Riding Hero was initially first launched for arcades on July 24, 1990, becoming the first title in the Neo Geo library that featured "Multi Play" (Multi-Link) support that allowed two systems to be connected via a phone jack port integrated into each cartridge for LAN play. The game was then released for Neo Geo AES on July 1, 1991, and retained the LAN support for versus play. The title was later re-released for the Neo Geo CD on May 26, 1995, with minimal changes compared to the original MVS and AES versions minus the multiplayer mode. It has received a re-release in recent years on various digital distribution platforms such as the PlayStation Network, Nintendo eShop and Xbox Live by HAMSTER Corporation.

== Reception ==

In North America, it was the top-grossing new video game on the RePlay arcade charts in November 1990. RePlay later reported Riding Hero to be the fifteenth most-popular arcade game in January 1991.

The game had some notable issues, the most common being how easy it was for the AI to put the player in a spin oftentimes unrecoverable. The vehicle movement was too predictable and bike itself ran choppy and the braking was weak.

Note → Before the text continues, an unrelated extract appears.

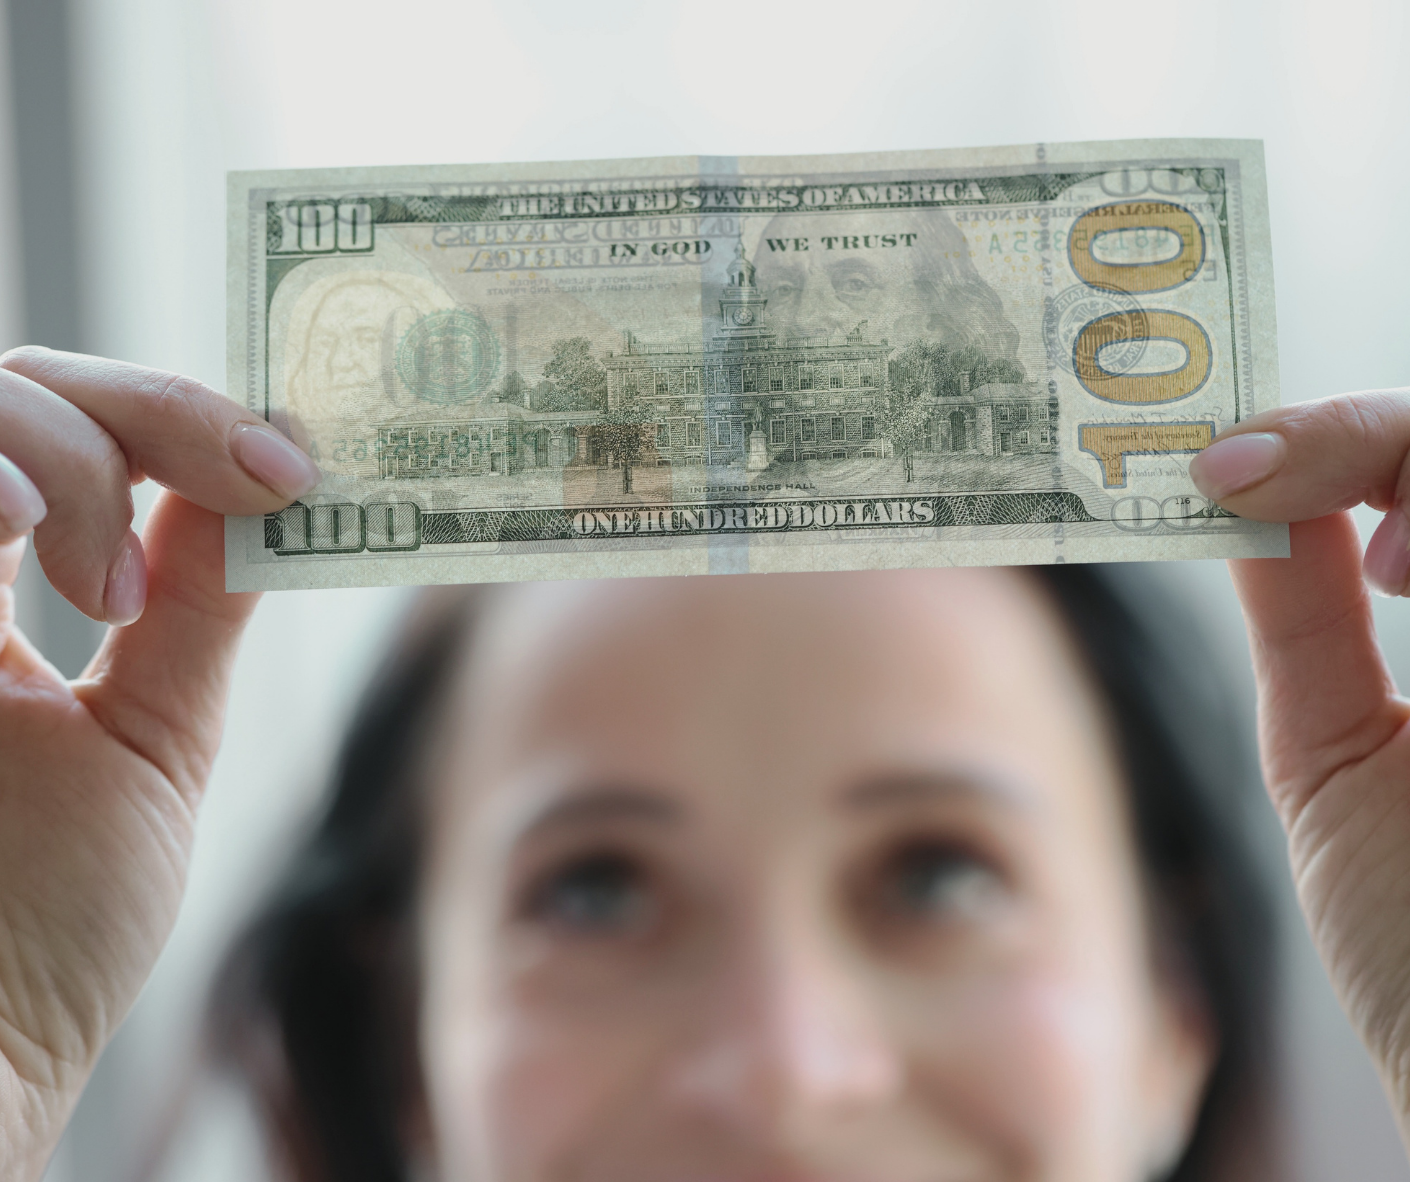 Woman holding up a shared $100 bill

Riding Hero was received with a mostly mixed reception from critics and reviewers since its original release.

Review scores
| Publication | Score |
|---|---|
| ACE | 820/1000 |
| AllGame | Star Half star |
| Computer and Video Games | 35% |
| GamePro | 18/25 |
| Joystick | 82% |
| Mega Fun | 60% |
| Player One | Average |
| Video Games (DE) | Average |
| Consolemania | 68% |
| Leisure Line | 9/10 |
| Micom BASIC Magazine | Star |

== Legacy ==
Although Riding Hero never received a sequel or a spiritual successor of sorts, its LAN play feature would be re-used in SNK's own League Bowling and Alpha Denshi's Thrash Rally, the first of which allowed up to four or eight people for multiplayer.